I’m going to try filling just the remaining low spots, a quick sand to ensure that they are at least to level or above, another complete coat, then (hopefully) a final sand.

I’m finding that the resin consistently gets thicker from the moment that it’s mixed (doesn’t suddenly “kick” like a quality epoxy will), and I have to modify my method of application while coating a larger area. I’m glad that I ‘glassed the wing first, as straighten out my learning curve on the fuselage would have been more painful.

David/Matt,

I do own an Airbrush and compressor, and would not hesitate to make an investment in a larger automotive type gun if needed. I’m still reading about Auto-Air, and it does seem that they are more aligned to the finishing of this project when compared to using a product that is intended to paint a boat (System 3). Both have their advantages and draw-backs.

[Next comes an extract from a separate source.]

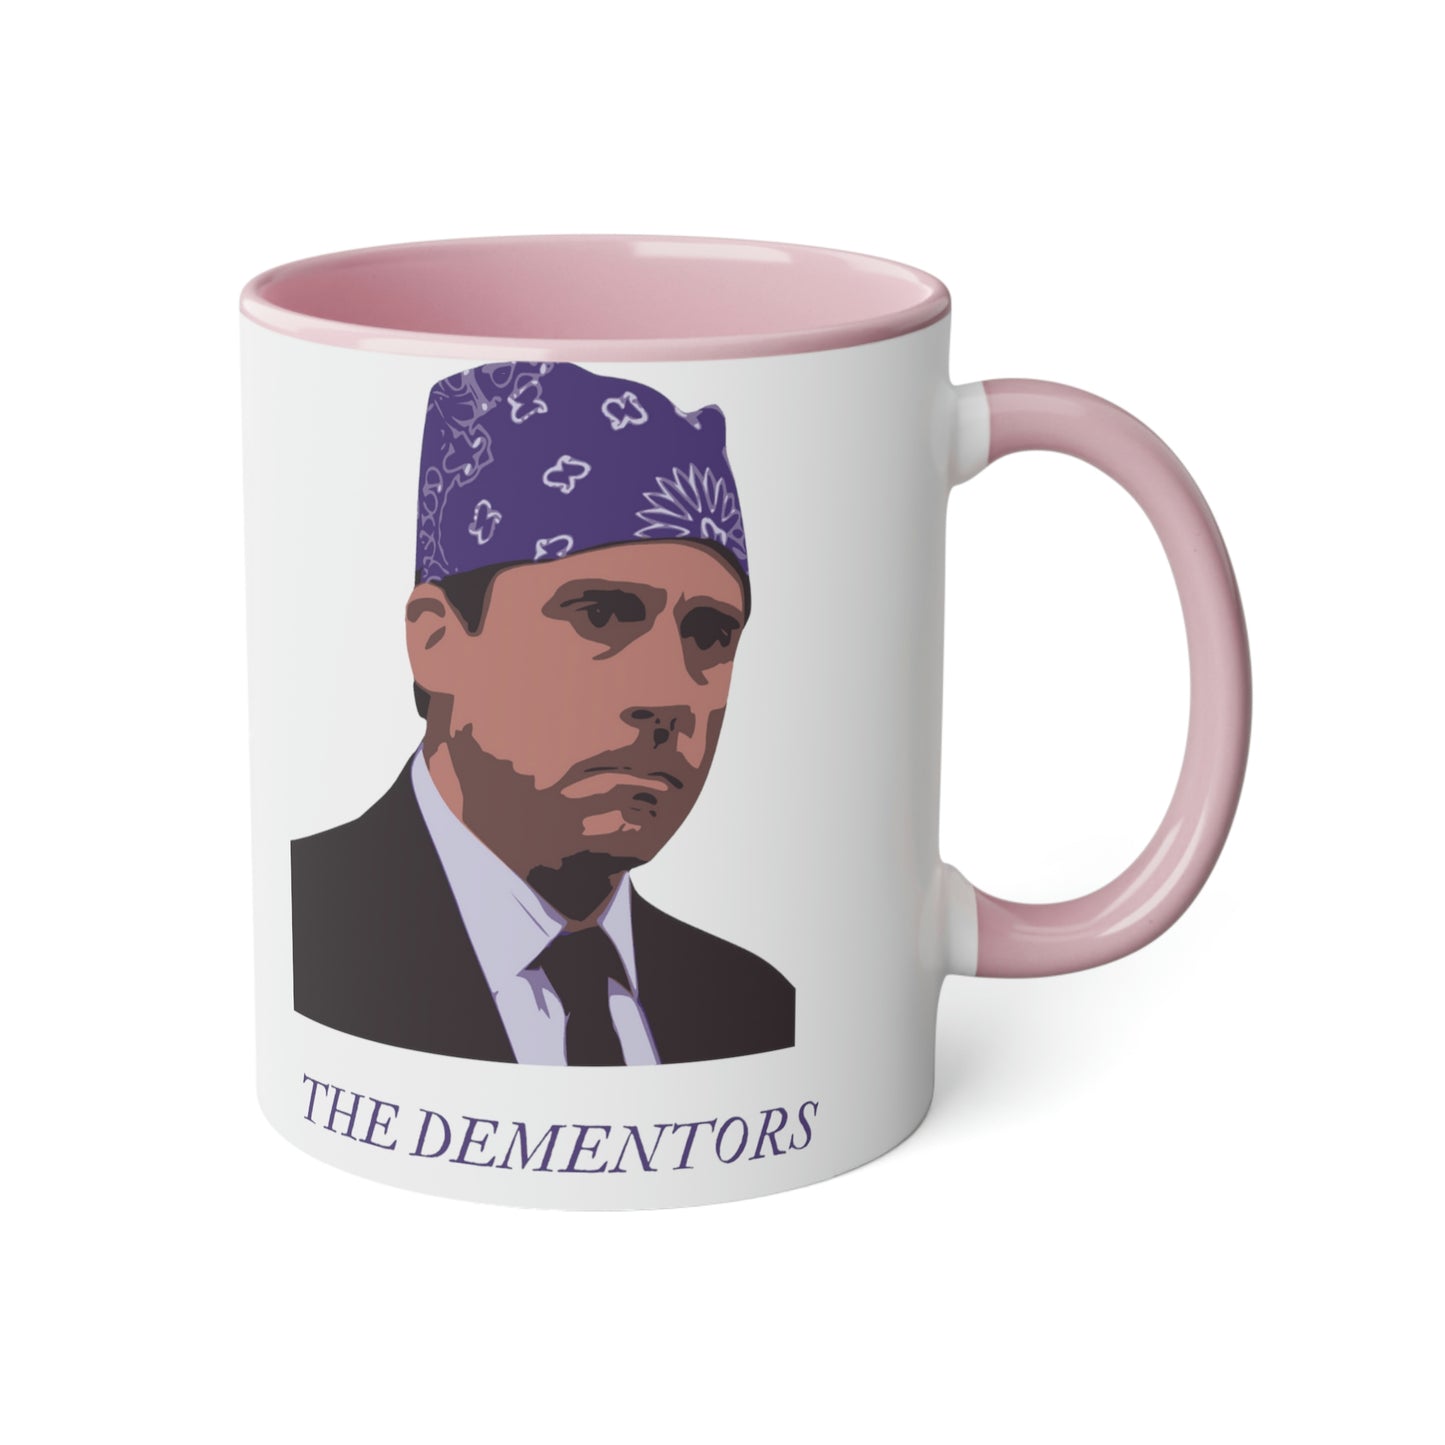 Meme Mug Dunder Mifflin workplace comedy - Dementors

I was drawn to the Nelsons (System3) primarily due to it being fuel-proof and being able to start applying the Primer in the basement with a brush mid-January, but the seeming incompatibility with finer work (ie, actually getting a nice finish directly from the paint gun, and needing to roughen all surfaces prior to repainting) makes me ask the question here.

Auto-Air seems significantly easier to obtain a nice finish, but I’m concerned with the durability aspect with only a clear coat. Can anybody speak to the “fuel-proof-ness” of the Auto-Air when a chip/crack occurs in the clear coat? It is an automotive paint, so I’d suspect some level of toughness.

I plan to keep the paint scheme fairly simple, and somewhat in keeping with the time period. However, I suspect that I will push my luck a bit with some small personal detail just to try it.

Thanks for the help and compliments; I’m giving it my best.